(WHAT THE TASK ASKS): Apart from the images, repeat the data below exactly as written.

(GIVEN MATERIAL):
--------------------
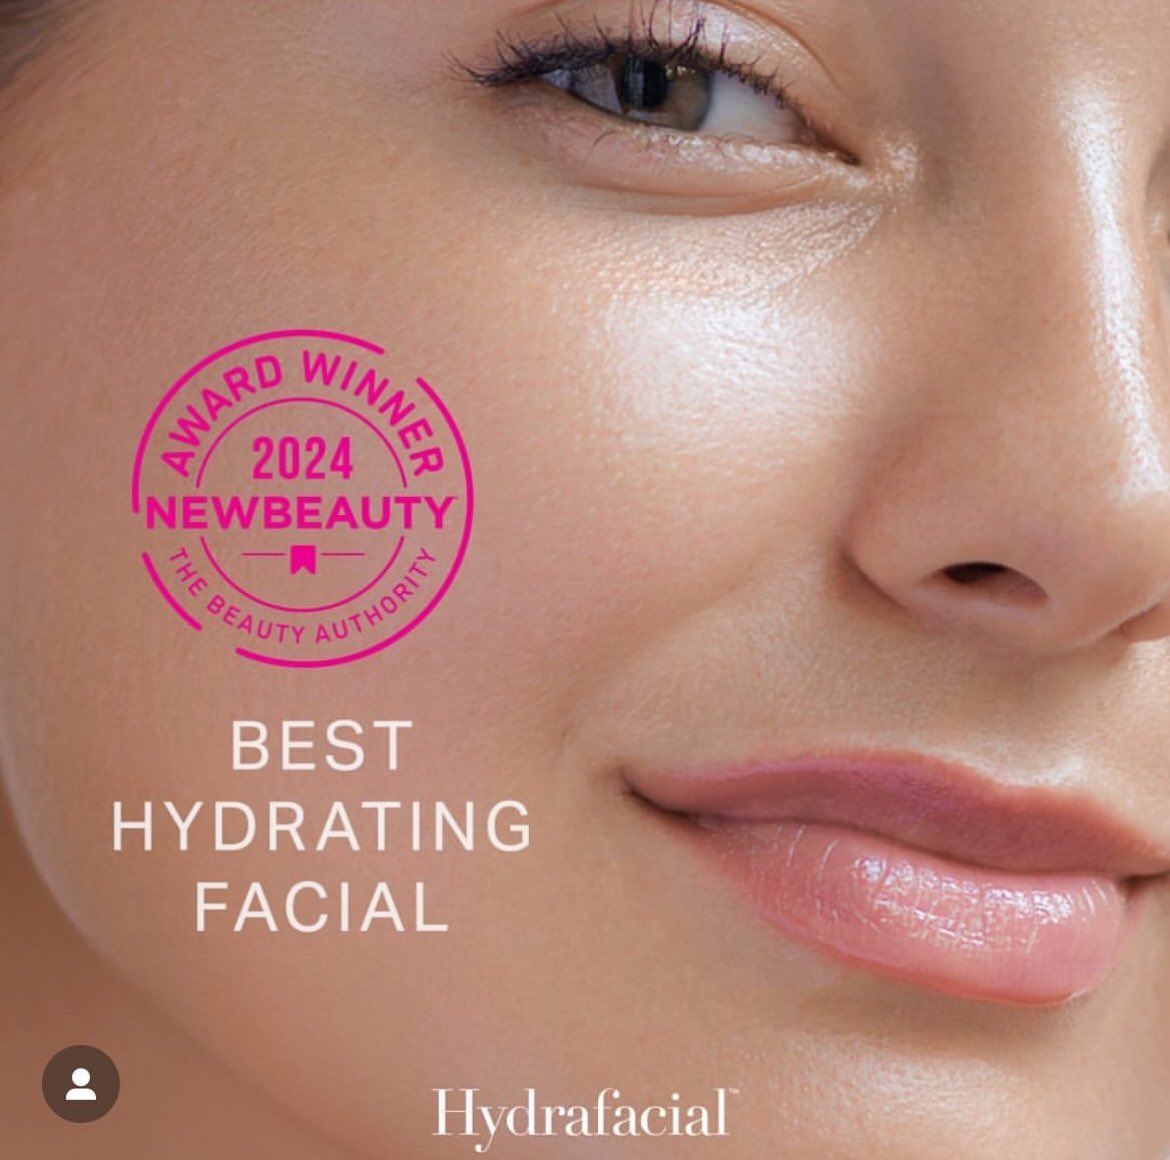 Third times a charm! * We're proud to be named New Beauty's Best Hydrating Facial for the THIRD year in a row! O
Thank you so much
@newbeauty. #hydrafacial
#selfcare #spectramedicals #healthyskin #skincare #lifestyle #luxuryskincare #luxurywellness #clinic
--------------------
(EXERCISE RESPONSE):
 Third times a charm! * We're proud to be named New Beauty's Best Hydrating Facial for the THIRD year in a row! O
Thank you so much
@newbeauty. #hydrafacial
#selfcare #spectramedicals #healthyskin #skincare #lifestyle #luxuryskincare #luxurywellness #clinic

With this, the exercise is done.